SoFunction
Updated on 2024-11-19

python ETL tools pyetl

pyetlis a pure python development of ETL framework, compared to sqoop, datax and other ETL tools, pyetl can be added to each field udf function, so that the data conversion process is more flexible, compared to the professional ETL tools pyetl more lightweight, pure python code operation, more in line with the developer's habits

mounting

pip3 install pyetl

usage example

Data synchronization between database tables

from pyetl import Task, DatabaseReader, DatabaseWriter
reader = DatabaseReader("sqlite:///db1.sqlite3", table_name="source")
writer = DatabaseWriter("sqlite:///db2.sqlite3", table_name="target")
Task(reader, writer).start()

Database table to hive table synchronization

from pyetl import Task, DatabaseReader, HiveWriter2
reader = DatabaseReader("sqlite:///db1.sqlite3", table_name="source")
writer = HiveWriter2("hive://localhost:10000/default", table_name="target")
Task(reader, writer).start()

Database table synchronization es

from pyetl import Task, DatabaseReader, ElasticSearchWriter
reader = DatabaseReader("sqlite:///db1.sqlite3", table_name="source")
writer = ElasticSearchWriter(hosts=["localhost"], index_name="tartget")
Task(reader, writer).start()

Original table target table field names are different, need to add field mapping

increase

# Original table source contains uuid, full_name fields
reader = DatabaseReader("sqlite:///db.sqlite3", table_name="source")
# The target table target contains the id, name fields
writer = DatabaseWriter("sqlite:///db.sqlite3", table_name="target")
# columns configure the field mapping relationship between the target table and the original table
columns = {"id": "uuid", "name": "full_name"}
Task(reader, writer, columns=columns).start()

udf mapping of fields, rule checking of fields, data normalization, data cleansing, etc.

# functionsConfigure the udf mapping of the fields as follows: id to string, name with spaces removed
functions={"id": str, "name": lambda x: ()}
Task(reader, writer, columns=columns, functions=functions).start()

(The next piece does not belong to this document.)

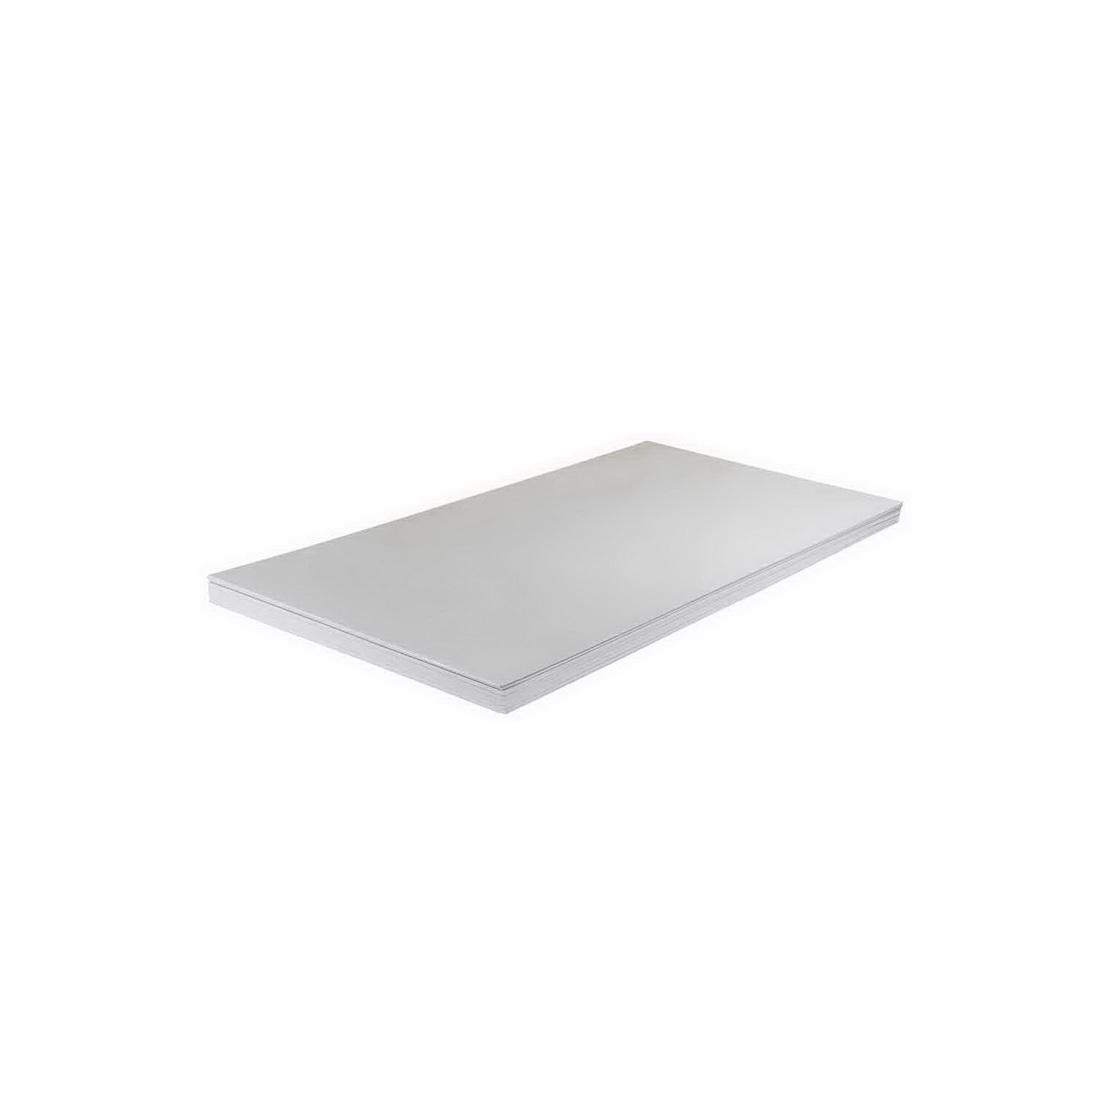 HardieGlaze 2700x1200x6mm Premium Wall Lining White

Inherit Task class to flexibly extend ETL tasks

import json
from pyetl import Task, DatabaseReader, DatabaseWriter

class NewTask(Task):
  reader = DatabaseReader("sqlite:///db.sqlite3", table_name="source")
  writer = DatabaseWriter("sqlite:///db.sqlite3", table_name="target")
  
  def get_columns(self):
    """Generate field mapping configurations by means of functions for more flexible use"""
    # The following example takes the field mapping configuration out of the database and returns it as a dictionary type
    sql = "select columns from task where name='new_task'"
    columns = .read_one(sql)["columns"]
    return (columns)
   
  def get_functions(self):
    """Generating udf mappings for fields by means of functions"""
    # The following example converts each field type to a string
    return {col: str for col in }
   
  def apply_function(self, record):
    """udf of an entire piece of data in a data stream"""
    record["flag"] = int(record["id"]) % 2
    return record

  def before(self):
    """Operations to be performed before the task starts, such as initializing the task table, creating the target table, etc."""
    sql = "create table destination_table(id int, name varchar(100))"
    (sql)
  
  def after(self):
    """Actions to be performed after the task is completed, such as updating the task status, etc."""
    sql = "update task set status='done' where name='new_task'"
    (sql)

NewTask().start()

List of currently implemented Readers and Writers

 

Reader present (sb for a job etc)
DatabaseReader Supports reading of all relational databases
FileReader Structured text data reading, e.g. csv files
ExcelReader Excel sheet file reading

Writer present (sb for a job etc)
DatabaseWriter Supports writes to all relational databases
ElasticSearchWriter Batch write data to es index
HiveWriter Batch insert hive table
HiveWriter2 Load data way to import hive table (recommended)
FileWriter Write data to a text file

Project Addresspyetl

summarize

to this article on python ETL tools pyetl to this article, more related python ETL tools pyetl content please search for my previous articles or continue to browse the following related articles I hope you will support me more in the future!